Warner Bros bet heavily again on expensive talent here, with Robert Zemeckis bringing his adaptation of Carl Sagan’s Contact to the studio for his first film post-Forrest Gump. Warner Bros duly footed the $90m bill (back when that was still seen as a lot of money for a movie), a good chunk of which went to Jodie Foster. It invested heavily in special effects, and gave Zemeckis licence to make the film that he wanted.

The studio was rewarded with the most intelligent and arguably the best blockbuster of the summer. I’ve looked back at Contact in a lot more detail here, and it remains a fascinating film that’s stood the test of time (and arguably influenced Christopher Nolan’s more recent Interstellar).

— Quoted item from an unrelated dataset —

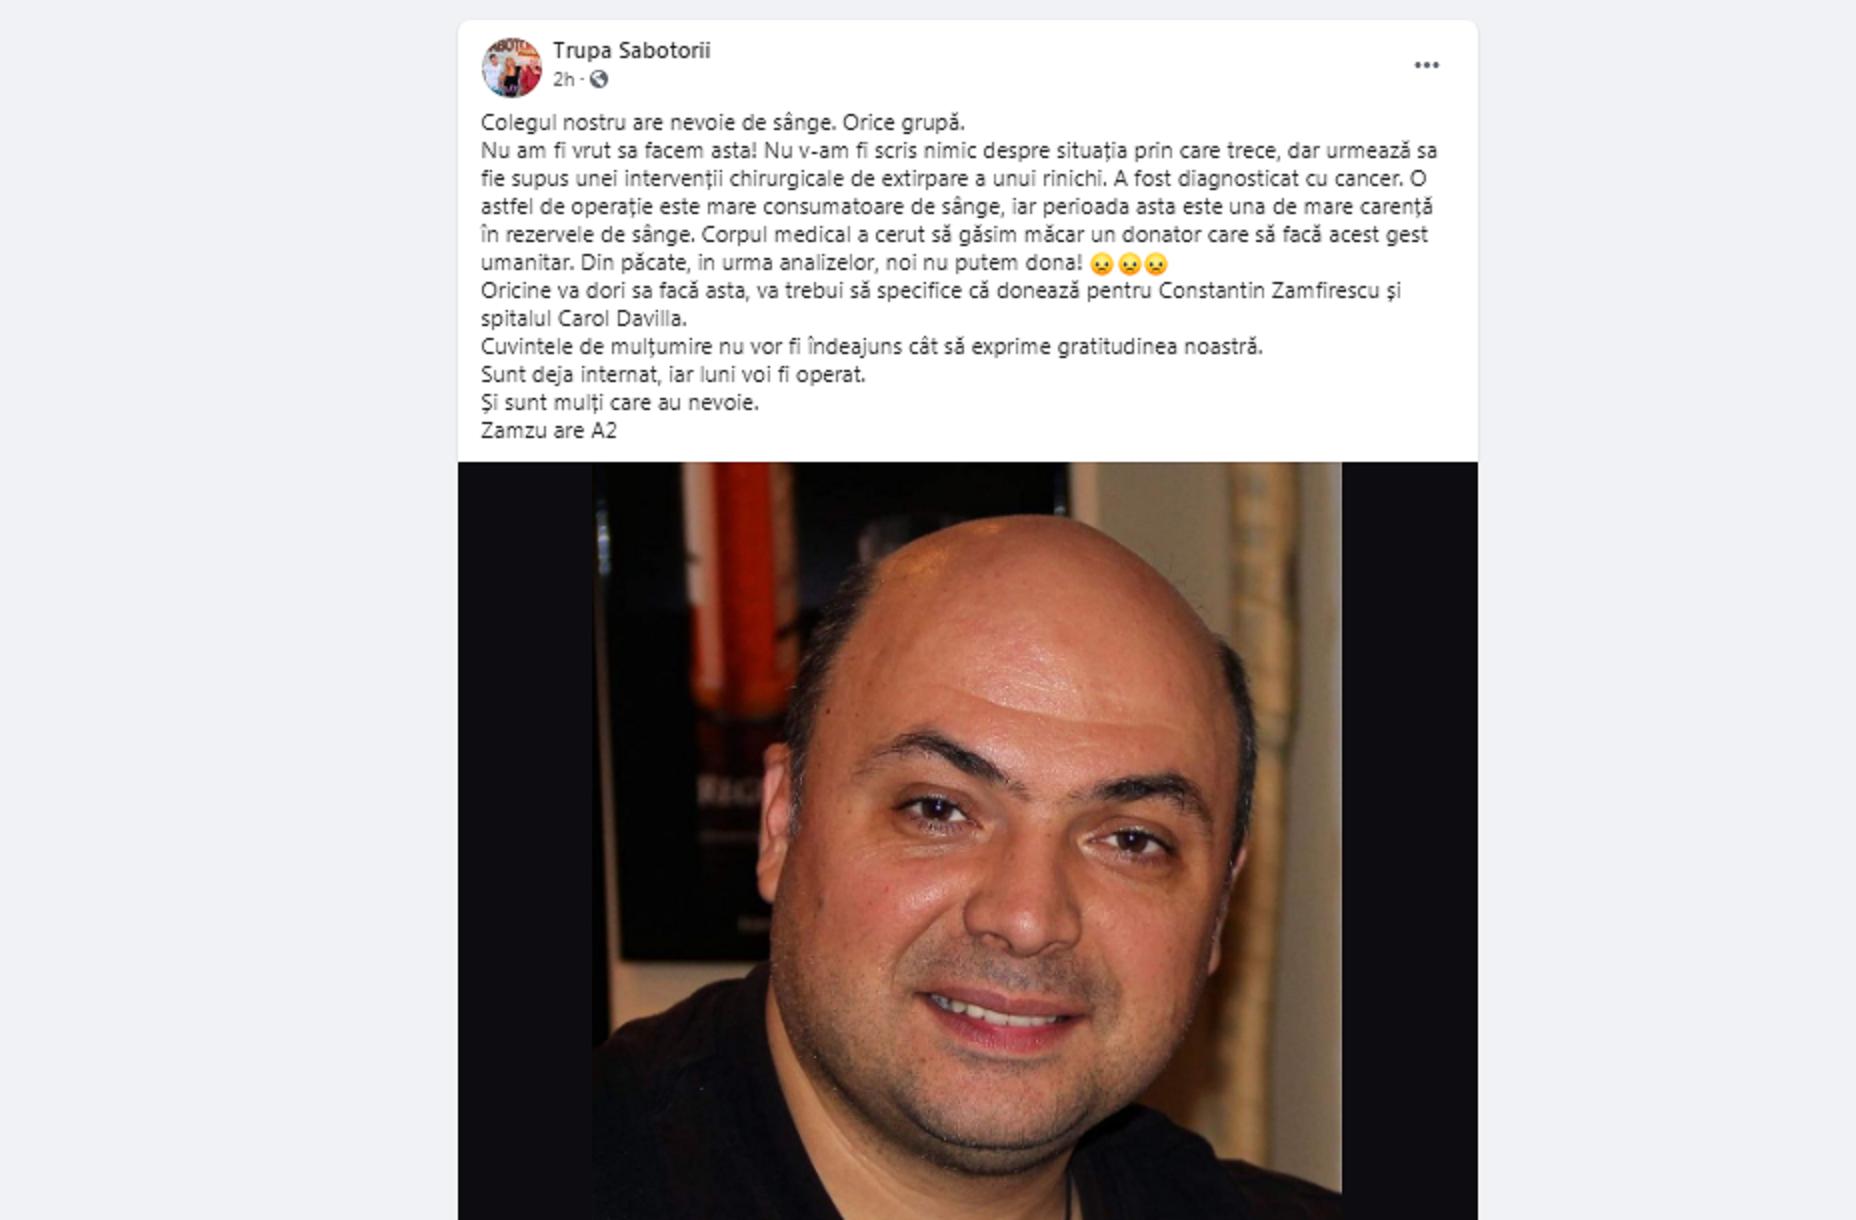 Anuntul prin care se cere ajutor pentru Constantin Zamfir

Reviews were strong, it looked terrific, and the initial box office was good.

But then the problem hit. For whilst Contact was a solid hit for Warner Bros, it wasn’t a massively profitable one. Had Father’s Day and Batman & Robin shouldered the box office load there were supposed to, it perhaps wouldn’t have been a problem. But when they failed to take off, the pressure shifted to Contact.

The movie would gross $100.9m in the Us, and add another $70m overseas (this being an era were international box office rarely had the importance it has today). But once Warner Bros had paid its bills, there wasn’t a fat lot over for itself. Fortunately, the film still sells on disc and on-demand. Yet it wasn’t to be the massive hit the studio needed back in 1997.

July - One Eight Seven

From director Kevin Reynolds, the man who helmed Robin Hood: Prince Of Thieves and Waterworld, came modestly-priced drama 187, starring Samuel L Jackson (in a strong performance). Warner Bros wouldn’t have had massive box office expectations for the film (although it can't have been unaware that the inspirational teacher sub-genre was always worth a few quid), and it shared production duties on the $20m movie with Mel Gibson’s Icon Productions. But still, it would have had its eye on a modest success. What it got in return was red ink.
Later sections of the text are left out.